I have a pre-processed table which I want to group every pair into one record containing data from fields of both records.我有一个预处理表,我想将每一对组合成一个记录,其中包含来自两个记录字段的数据。

|-------------------|-----|----|
|Timestamp          |Event|User|
|-------------------|-----|----|
|17/03/2020 03:22:00|Start|1   |
|17/03/2020 03:22:05|End  |1   |
|17/03/2020 03:22:10|Start|2   |
|17/03/2020 03:22:15|End  |2   |
|17/03/2020 03:23:00|Start|1   |
|17/03/2020 03:23:22|End  |1   |
|-------------------|-----|----|

The query should return:查询应返回:

|-------------------|-------------------|----|
|StartTimestamp     |EndTimestamp       |User|
|-------------------|-------------------|----|
|17/03/2020 03:22:00|17/03/2020 03:22:05|1   |
|17/03/2020 03:22:10|17/03/2020 03:22:15|2   |
|17/03/2020 03:23:00|17/03/2020 03:23:22|1   |
|-------------------|-------------------|----|

You can safely assume that every 2 records is the correct pair (events are Start and End respectively, and User is the same) since the table is pre-filtered.您可以放心地假设每 2 条记录都是正确的对(事件分别是 Start 和 End,并且 User 是相同的),因为该表已预先过滤。

EDIT: Sorry, I forgot to mention that having multiple pairs for a single user is allowed.编辑:抱歉,我忘了提到允许单个用户拥有多对。 I've adjusted the example table above to show that.我已经调整了上面的示例表以显示这一点。

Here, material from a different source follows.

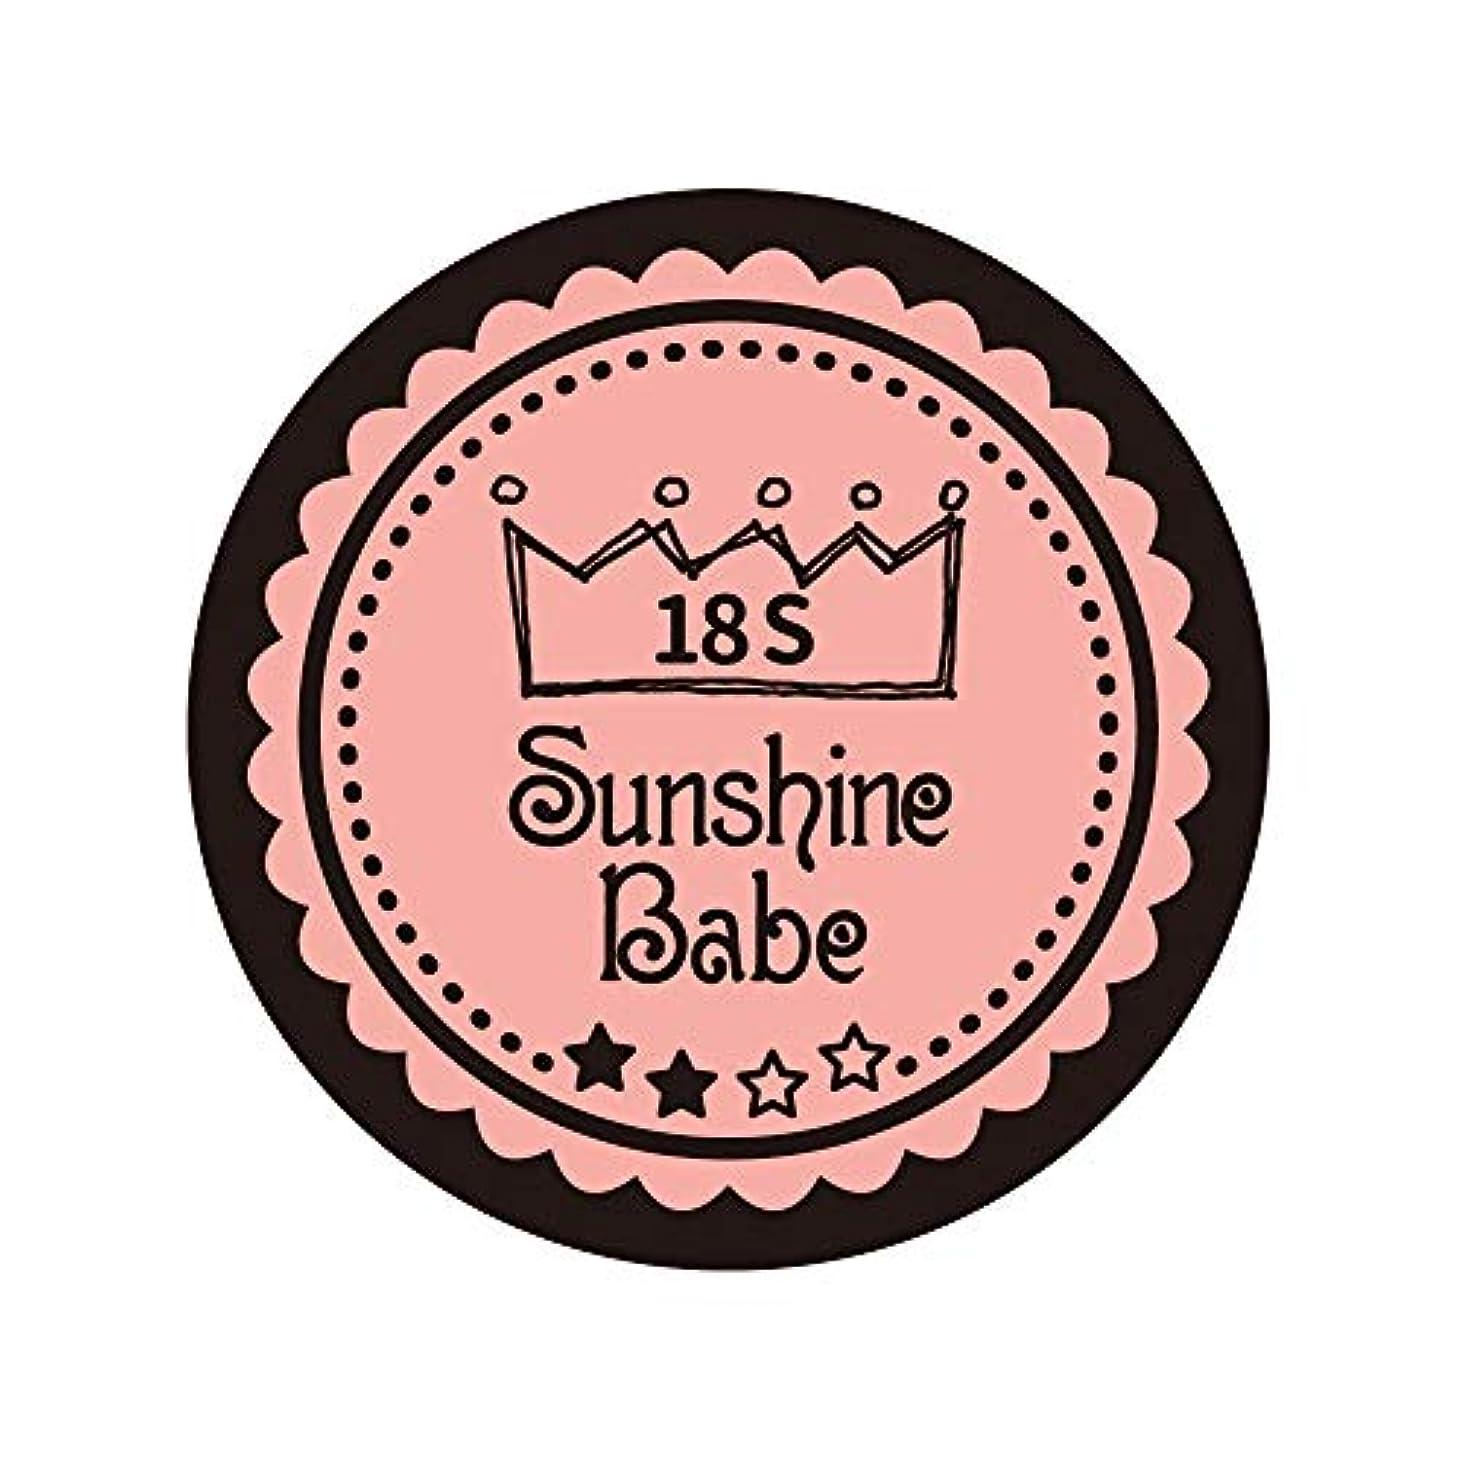 妖精アドバンテージ犠牲Sunshine Babe カラージェル 18S ロマンティックベリー 2.7g UV/LED対応

As suggested, this should do what you want :正如所建议的,这应该做你想做的:

SELECT
     MIN(Timestamp) AS StartTimestamp,
     MAX(Timestamp) AS EndTimestamp,
     User
FROM 
     mytable
GROUP BY User;

EDIT : As a user id can appear multiple times, in multiple groups, see the following query :编辑:由于用户 ID 可以在多个组中多次出现,请参阅以下查询:

WITH cte AS (
     SELECT mt.*, ROW_NUMBER() OVER(ORDER BY time) AS rn FROM mytable mt
)
SELECT 
     t1.userid,
     t1.time AS StartTimestamp, 
     t2.time AS EndTimestamp
FROM cte t1
JOIN cte t2 ON t1.rn+1 = t2.rn
WHERE t1.event = 'Start'

WITH DEMO HERE 这里有演示

You can use row_number() & do conditional aggregation :您可以使用row_number()并进行条件聚合:

select user, 
       min(case when event = 'Start' then timestamp end) as starttimestamp,
       min(case when event = 'End' then timestamp end) as endtimestamp
from (select t.*, 
             row_number() over (partition by user, event order by timestamp) as seq
      from table t
     ) t
group by user, seq;

I would suggest using lead() or a cumulative min() :我建议使用lead()或累积min()

select t.*
from (select t.*,
             min(case when event = 'End' then timestamp end) over (partition by user order by timestamp desc) as end_time
      from t
     ) t
where event = 'Start';

Number the rows per user and event to get to event numbers.对每个用户和事件的行进行编号以获取事件编号。 Then join event starts with event ends.然后加入事件开始事件结束。

with s as
(
  select
    [user], timestamp,
    row_number() over (partition by [user] order by timestamp) as event_number
  from mytable
  where event = 'Start'
)
, e as
(
  select
    [user], timestamp,
    row_number() over (partition by [user] order by timestamp) as event_number
  from mytable
  where event = 'End'
)
select s.[user], s.timestamp as start_time, e.timestamp as end_time
from s
join e on e.[user] = s.[user] and e.event_number = s.event_number
order by start_time;

Use a left outer join, if you want to show events that have started but not ended yet.如果要显示已开始但尚未结束的事件,请使用左外连接。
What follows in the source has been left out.